Talent and Globalization: Laying the Groundwork for the Next Blue-Ocean Technologies
For Tseng, people are the most critical long-term asset. Just as Taiwan's "indigenous shipbuilding" succeeded through two decades of talent cultivation, the future of marine engineering likewise depends on comprehensive talent strategies — from academia–industry alliances and internship programs to competency mapping and international recruitment.
He outlines three focus areas:
● Academic–Industry Integration: Collaborate with universities to systematically train engineers, seafarers, operators, and project managers.

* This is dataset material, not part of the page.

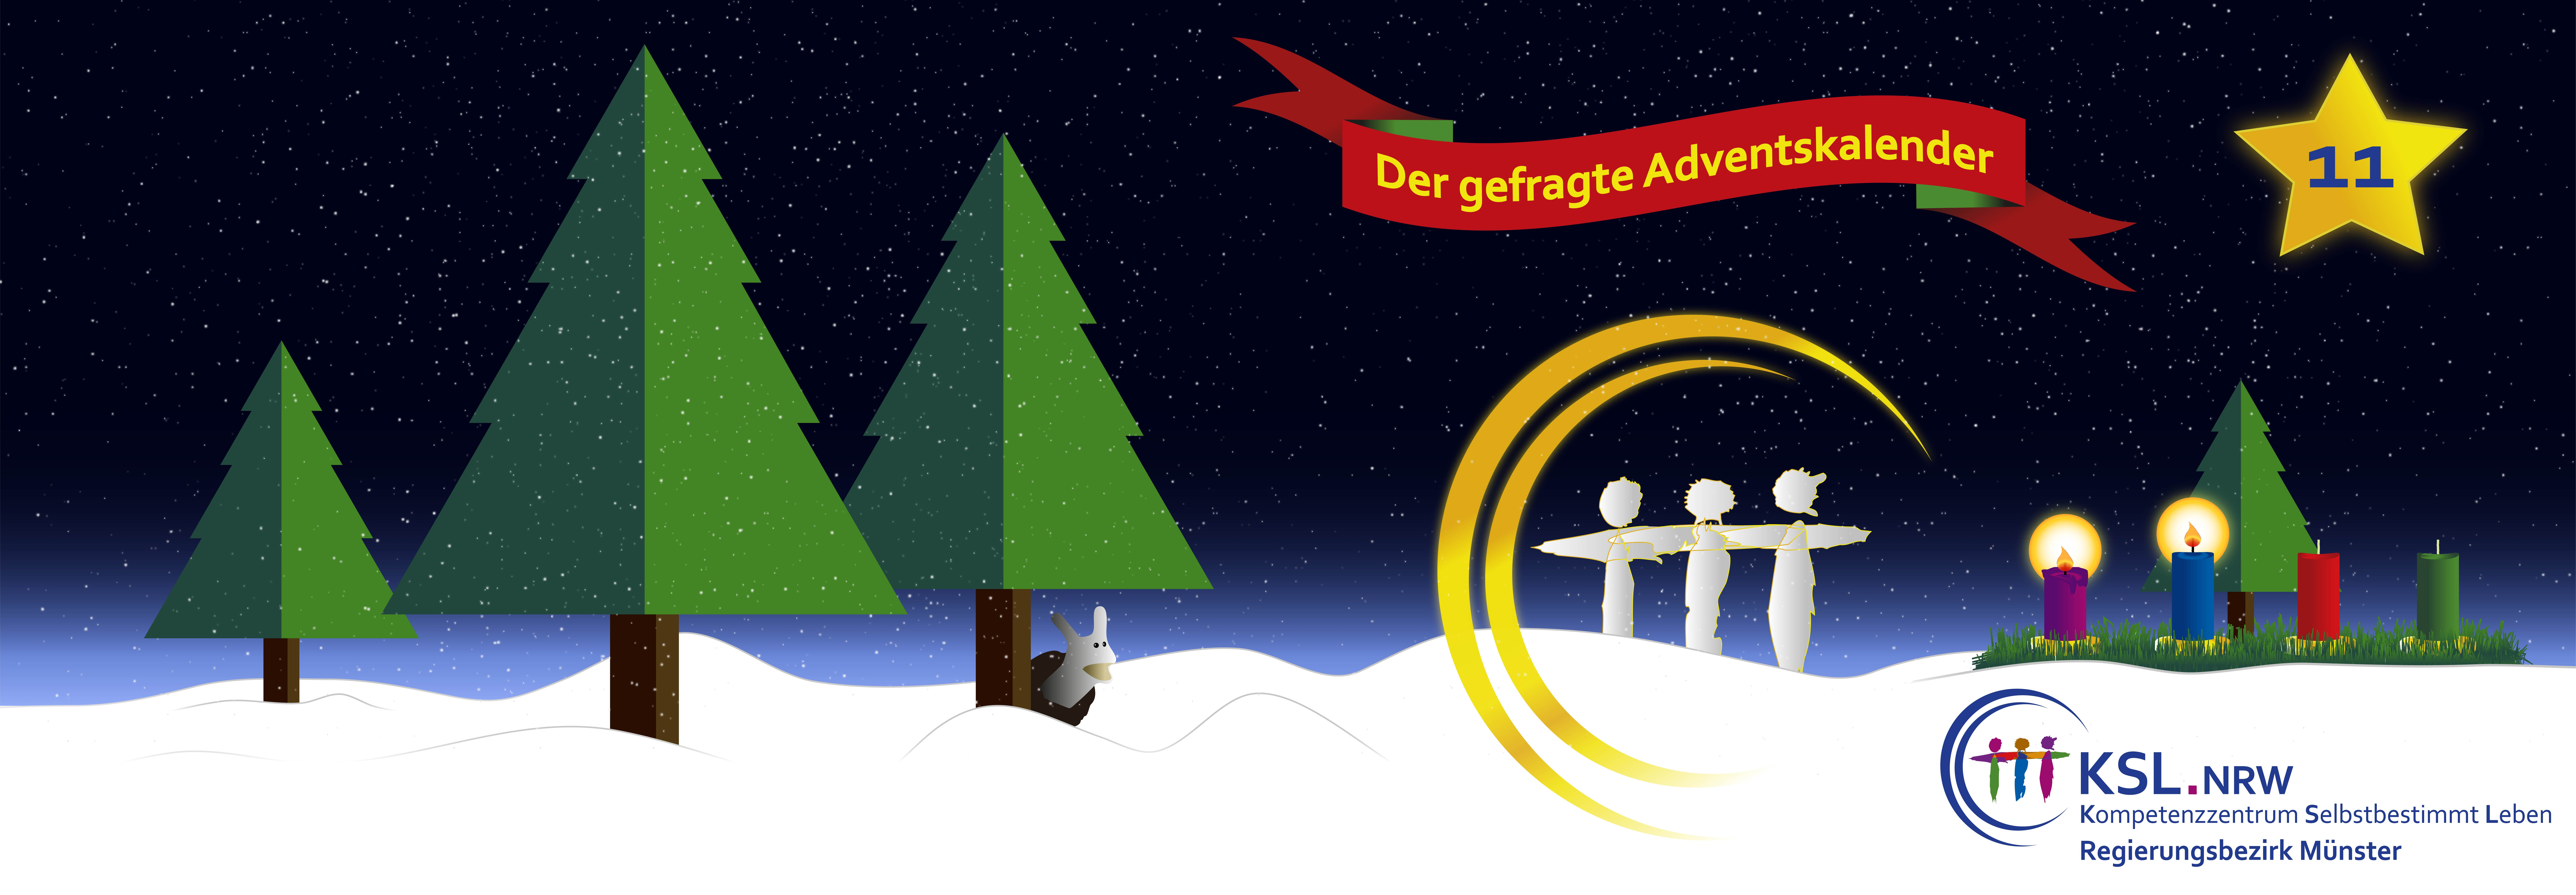 Der gefragte Adventskalender - KSL Münster - weihnachtlicher Hintergrund - vier Tannenbäume - ein Stern mit der Nummer 11 - ein Adventskranz mit vier Kerzen

● Local–Global Balance: Initially import international expertise, then gradually raise the share of Taiwanese professionals to build a structure of mutual dialogue and complementarity.
● Career Development: Enhance young professionals' awareness of the marine-engineering industry's potential, vision, and career pathways to boost its attractiveness.
Looking toward 2026–2030 and Taiwan's third-round offshore wind developments, Tseng prioritizes team optimization. He believes Taiwan's marine-engineering teams can increase their local participation from roughly 50% today to 70%, ultimately building a "Taiwan Team" capable of executing full-scope EPCI projects.
At the same time, "demonstration projects must not stop," he insists. Whether it's floating wind, CCUS subsea drilling, or international subsea cable projects, continuous pilot platforms are vital to preserve technical depth and team continuity — preventing knowledge loss between policy phases.
On globalization, he says two conditions must mature: sufficient domestic capability and brand reputation, and shareholder alignment on regional strategy. Once these are met, "Taiwan absolutely can follow the paths of Denmark or Norway — bringing its local supply chain onto the global stage."
"Peers from Southeast and Northeast Asia often envy Taiwan," he added. "Not only do we have our own offshore sites, but also our heavy-lift vessel and local crews. If policies remain consistent and demonstration projects continue, Taiwan can truly become a maritime nation."
Catalyzing and Accumulating: Driving Sustainable Industrial Growth
Over more than three decades, Robert Tseng has witnessed Taiwan's shipbuilding journey — from OEM to self-design, from conventional to specialized vessels, from merchant ships to naval programs. Now, in offshore wind and marine engineering, he hopes once again to embody the spirit of the catalyst.
"When the company stands firm, the industry finds its footing. When the engine runs steady, the supply chain follows. When young talent sees a future, they join. And when that happens, the world sees Taiwan's reliability and efficiency," he said.
His pursuit is not just to complete individual projects, but to transform tangible benchmarks, replicable mechanisms, and sustainable talent pipelines into long-term competitiveness. Through such catalytic accumulation, Taiwan can evolve from doing a few things well to consistently doing the right things well — to build, endure, and expand.
Ultimately, when marine engineering becomes the core driver of Taiwan's energy transition and global influence, that underlying strength — the quiet confidence born of real capability — will stand as the nation's most solid support on the international stage.